§ 57 LWO, Briefwahl

§ 57 LWO
Wahlordnung des Landes Sachsen-Anhalt (Landeswahlordnung - LWO)
Landesrecht Sachsen-Anhalt

Teil 3 – Wahlhandlung → Abschnitt 2 – Besondere Regelungen

Titel: Wahlordnung des Landes Sachsen-Anhalt (Landeswahlordnung - LWO)
Normgeber: Sachsen-Anhalt
Amtliche Abkürzung: LWO
Gliederungs-Nr.: 111.15
Normtyp: Rechtsverordnung

(1) Für die Stimmabgabe durch Briefwahl gilt folgende Regelung:

  1. 1.

    Der Wahlberechtigte kennzeichnet persönlich und unbeobachtet seinen Stimmzettel.

  2. 2.

    Er legt den Stimmzettel unbeobachtet in den amtlichen Stimmzettelumschlag (blau) und verschließt diesen.

  3. 3.

    Er unterschreibt unter Angabe des Ortes und des Tages die auf dem Wahlschein vorgedruckte Versicherung an Eides statt zur Briefwahl.

  4. 4.

    Er legt den verschlossenen amtlichen Stimmzettelumschlag und den unterschriebenen Wahlschein in den amtlichen Wahlbriefumschlag (rot) und verschließt diesen.

  5. 5.

    Er übersendet den Wahlbrief durch ein Postunternehmen rechtzeitig an die nach Absatz 2 zuständige, auf dem Wahlbriefumschlag angegebene Stelle. Der Wahlbrief kann bei dieser Stelle auch abgegeben werden. Nach Eingang des Wahlbriefes bei der zuständigen Stelle darf dieser nicht mehr zurückgegeben werden.

(2) Die Wahlbriefe müssen bei dem Kreiswahlleiter des Wahlkreises, für den der Wahlschein gültig ist, eingehen. Sind aufgrund einer Anordnung nach § 6 Abs. 3 Briefwahlvorstände gebildet, legt der Kreiswahlleiter fest, wo die Wahlbriefe eingehen müssen.

(3) Für die Stimmabgabe von Wählern mit einer körperlichen Beeinträchtigung gilt § 50 entsprechend; hat der Wähler den Stimmzettel durch eine Hilfsperson kennzeichnen lassen, so hat diese durch Unterschreiben der Versicherung an Eides statt zur Briefwahl zu bestätigen, dass sie den Stimmzettel nach dem erklärten Willen des Wählers gekennzeichnet hat. Die Hilfsperson muss das 16. Lebensjahr vollendet haben.
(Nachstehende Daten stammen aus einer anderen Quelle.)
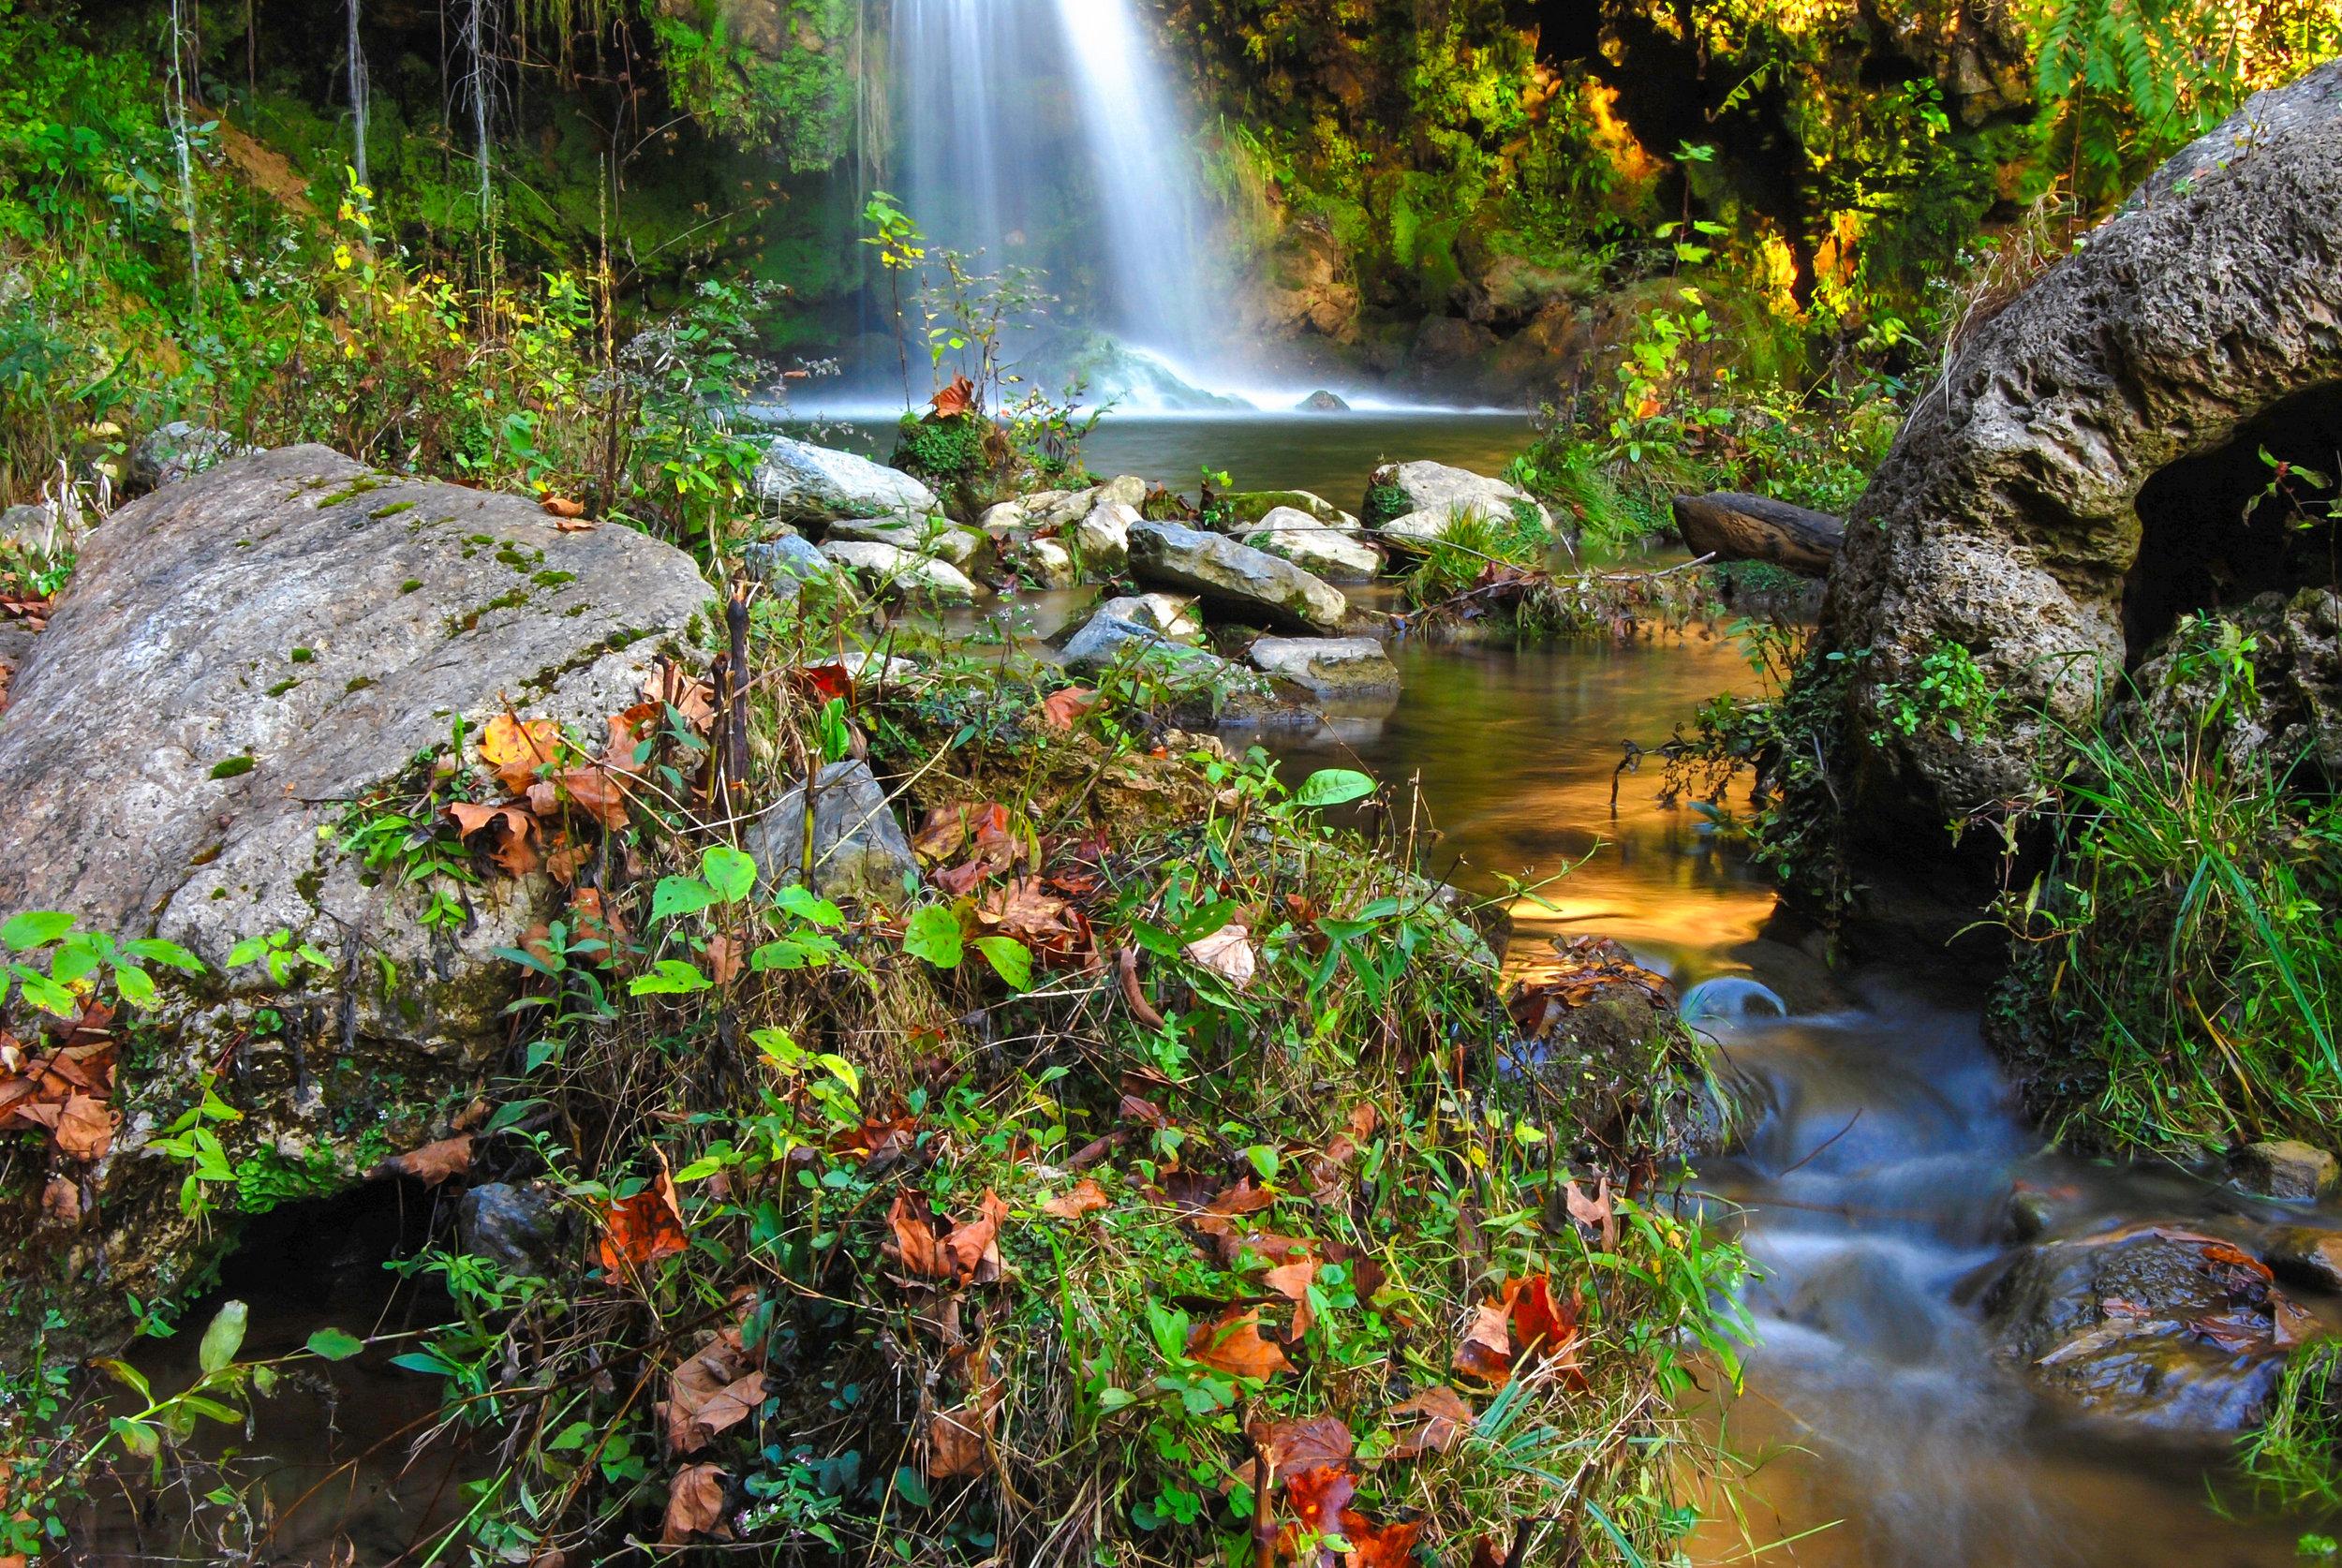 glenns falls-waterfall-shenandoah valley-virginia.jpg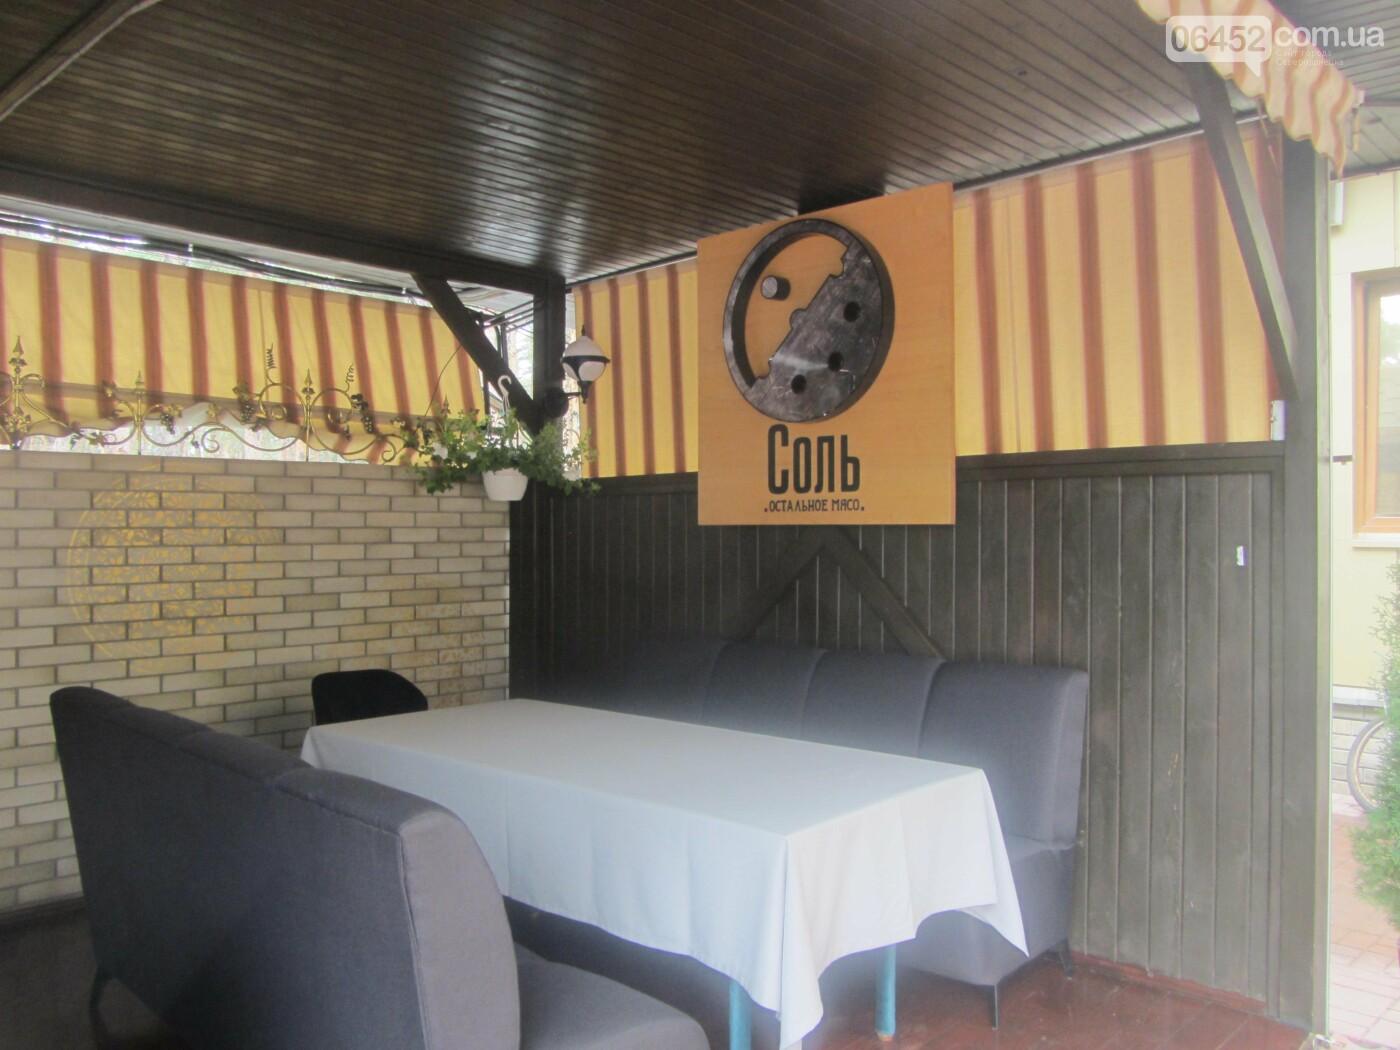 Как изменился интерьер в «Golden Palace» с переездом ресторана «Соль. Остальное мясо», фото-11

(4) In Krankenhäusern, Altenheimen, Altenwohnheimen, Pflegeheimen, Erholungsheimen, sozialtherapeutischen Anstalten und Justizvollzugsanstalten sowie in Gemeinschaftsunterkünften ist Vorsorge zu treffen, dass der Stimmzettel unbeobachtet gekennzeichnet und in den Stimmzettelumschlag gelegt werden kann. Die Leitung der Einrichtung bestimmt einen geeigneten Raum, veranlasst dessen Ausstattung und gibt den Wahlberechtigten bekannt, zu welcher Zeit der Raum für die Ausübung der Briefwahl zur Verfügung steht.

(5) Die Gemeinde weist die Leitungen der Einrichtungen in ihrem Gemeindegebiet spätestens am 13. Tag vor der Wahl auf die Regelung des Absatzes 4 hin.

(6) Holt der Wahlberechtigte persönlich den Wahlschein und die Briefwahlunterlagen bei der Gemeinde ab, so soll ihm Gelegenheit gegeben werden, die Briefwahl an Ort und Stelle auszuüben. Die Gemeinde hat in diesem Fall eine oder mehrere Wahlkabinen aufzustellen oder einen besonderen Raum verfügbar zu halten, damit die Stimmzettel unbeobachtet gekennzeichnet und in den Stimmzettelumschlag gelegt werden können. Die Gemeinde nimmt die Wahlbriefe entgegen, hält sie unter Verschluss und übersendet sie der nach Absatz 2 zuständigen Stelle. Sie sorgt dafür, dass alle von ihr entgegengenommenen Wahlbriefe spätestens am Vormittag des Wahltages dort eingehen.